Friday, July 16, 2010

Human Language as the New Programming Language

If you've read the blog for a while you know I promote threat-centric security in addition to vulnerability-centric security. I think both approaches are needed, but I find a lot of security shops ignore threat-centric approaches. But in this brief post I'd like to talk about one skill you're likely to need in a threat-centric team.

Clearly knowledge of programming languages is helpful for vulnerability-centric security. Those who can program in the right languages can help identify vulnerabilities, develop exploits, and do other code-centric work.

Different skills are needed for threat-centric security, however. If a programming language is helpful for vulnerability-centric operations, then a foreign language is helpful for threat-centric operations. Specifically, analysts will find it useful to read and potentially speak the language used by their adversaries. It is likely that while learning a foreign language, and more importantly maintaining or improving that skill, the analyst will learn about the adversary's culture. At the highest level of threat-centric security, analysts understand the adversary not through native eyes, but through the adversary's eyes.

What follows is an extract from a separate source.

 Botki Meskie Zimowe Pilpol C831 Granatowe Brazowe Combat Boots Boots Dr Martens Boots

None of this is news to anyone with an intelligence or counterintelligence background, but I think this approach represents additional maturity in an enterprise security program.

1 comment:

webjedi said...

Rich,

This reminded me of one of the first times we started seeing an influx of stuff from China at a former employer many years ago. My cohort and I spoke English (as well as he also spoke French and I German) - so we were at a loss... luckily his girlfriend at the time (now wife) was from China (now naturalized US citizen) who we shuttled of an email to her to have her help translate. It did wonders, because at the time all that existed to help was Babelfish and the other translation engines hadn't yet supported Asian languages.

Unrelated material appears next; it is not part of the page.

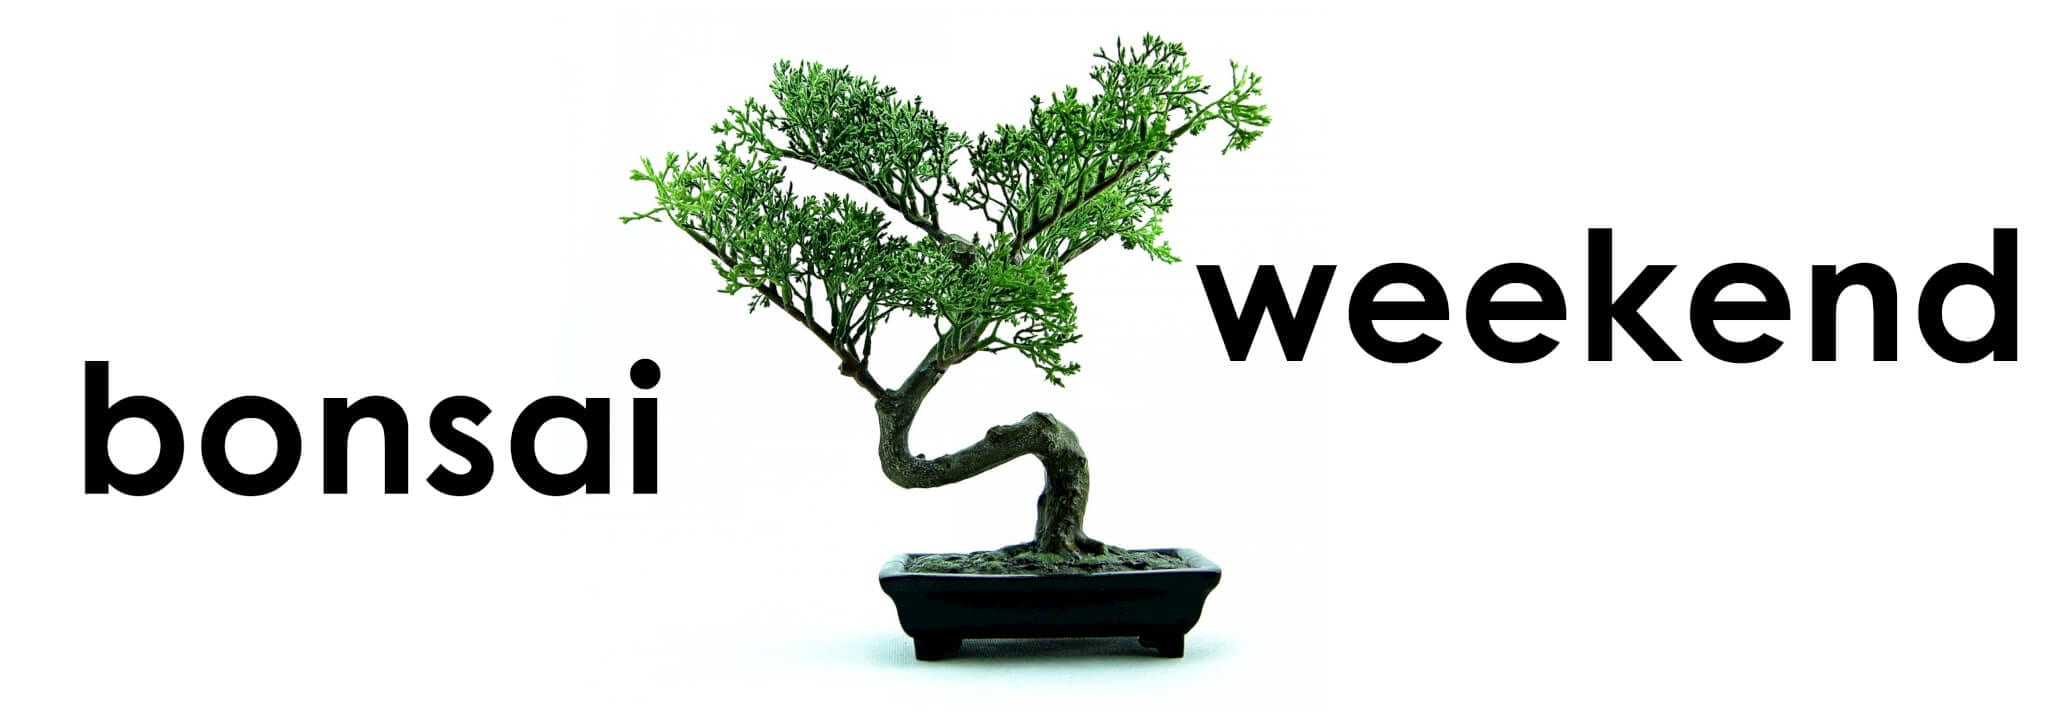 Bonsai Weekend logo

As I would note, having now brought this up, barring any of the CI issues (which some companies aren't as worried about) that the DoD has, using translation software (private or public) isn't a bad way to help in cases where you run into having to have some language skills on a case or doing research. I know it's become invaluable when I work handling incidents without the actual lingual skills or resources readily available. I was wondering what your thoughts are on that. As for "know thy enemy" - it's also good practice to have a few good foreign language blogs, on-line editions of newspapers (do they still exist) and other sites to get the other perspective and to also utilize the same tools. You never know, with enough poor Ching-lish translations, it may spur folks into actually taking the next step and learning to read and speak it.